Responses of the lung to toxic injury.

H Witschi1.   

Abstract

Analysis of toxic lung damage may focus on the offending agent and define patterns of bioactivation and interactions with the target tissues. It may also focus on a study of the biological response. While it was originally thought that cell proliferation, particularly Type II epithelial cell proliferation following lung injury, was a common event, it now has become obvious that on occasion proliferation occurs only late after the initial lung damage. Also Type II cell proliferation can occur in the absence of alveolar Type I cell damage.

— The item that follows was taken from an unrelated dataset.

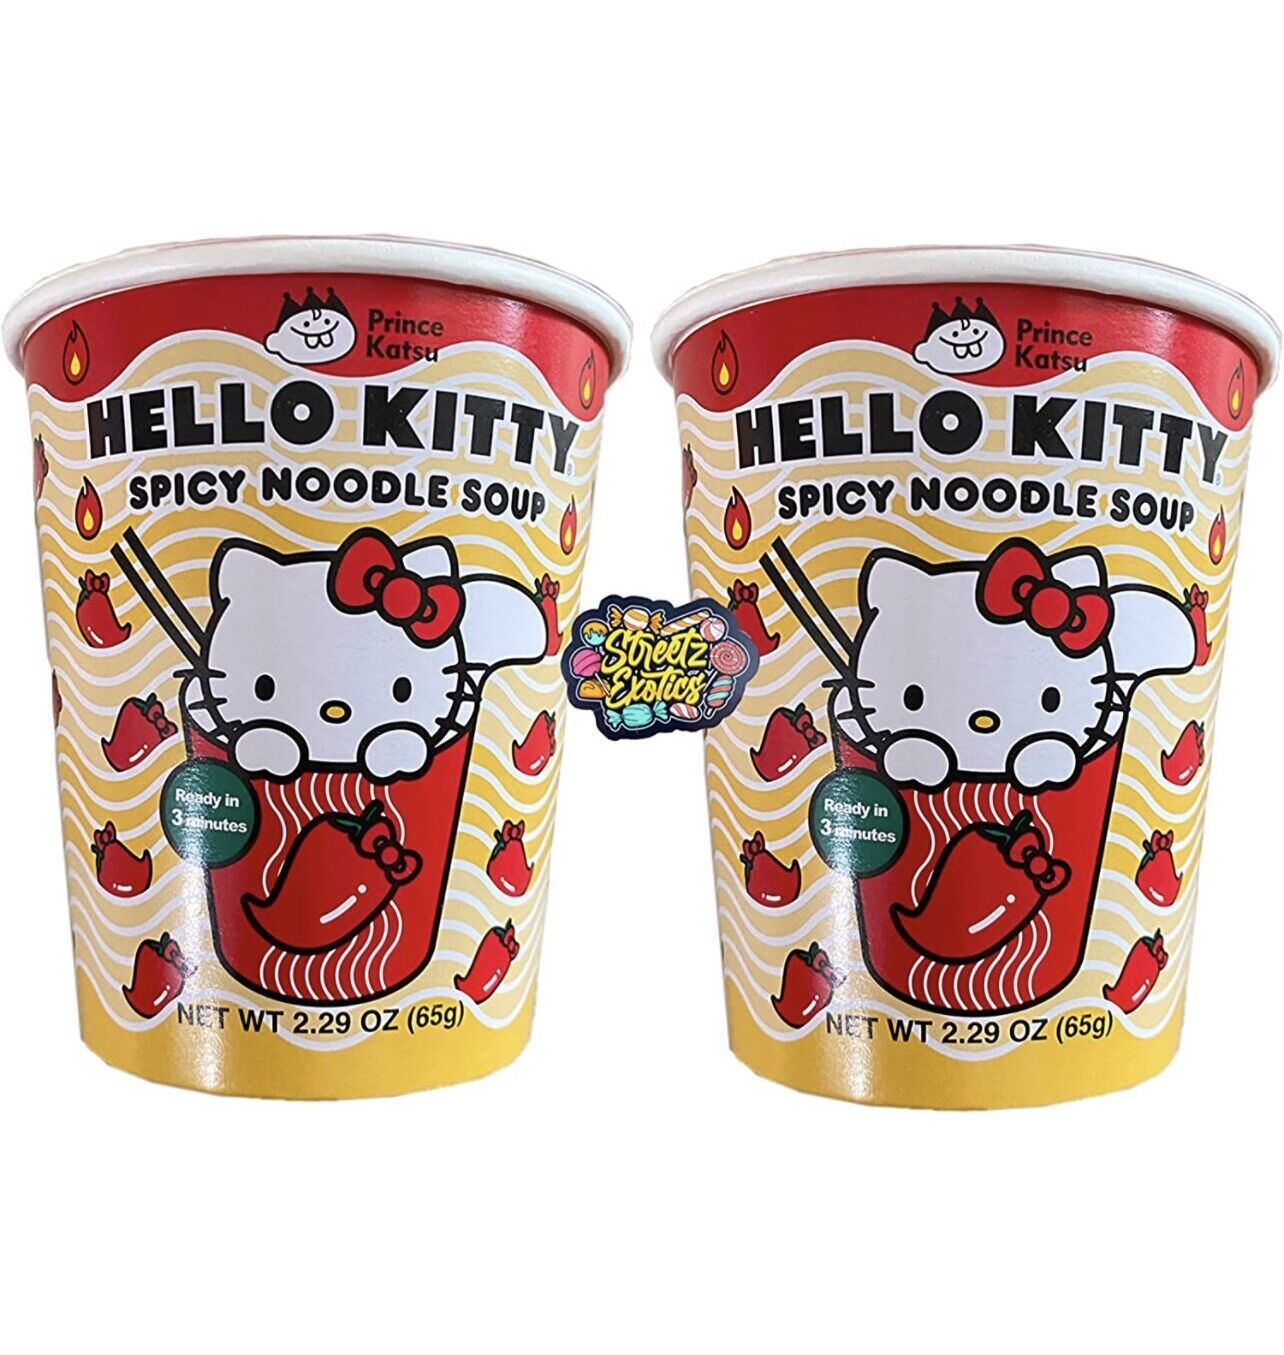 Hello Kitty Spicy Noodle Soup, Limited Edition 2.29 Oz (set Of 2)

Delayed reepithelialization of the alveolar surface may lead to pulmonary fibrosis. Toxicological interactions often can be best recognized and defined by the extensive lesions that result from concomitant or sequential exposure to such toxic agents as ozone and acidic aerosols or anticancer drugs and oxygen. A correlation of cell proliferation and tumor development in mouse lung has shown that target cell hyperplasia is not a necessary prerequisite for enhanced tumor development. On the other hand, oxygen-induced proliferation of the neuroendocrine cell population results in the short-term development of neuroendocrine lung cell cancer in hamsters. While it is possible to draw some conclusions from an analysis of the lung response to toxic injury, predictions made from such knowledge are sometimes, but not necessarily always, correct.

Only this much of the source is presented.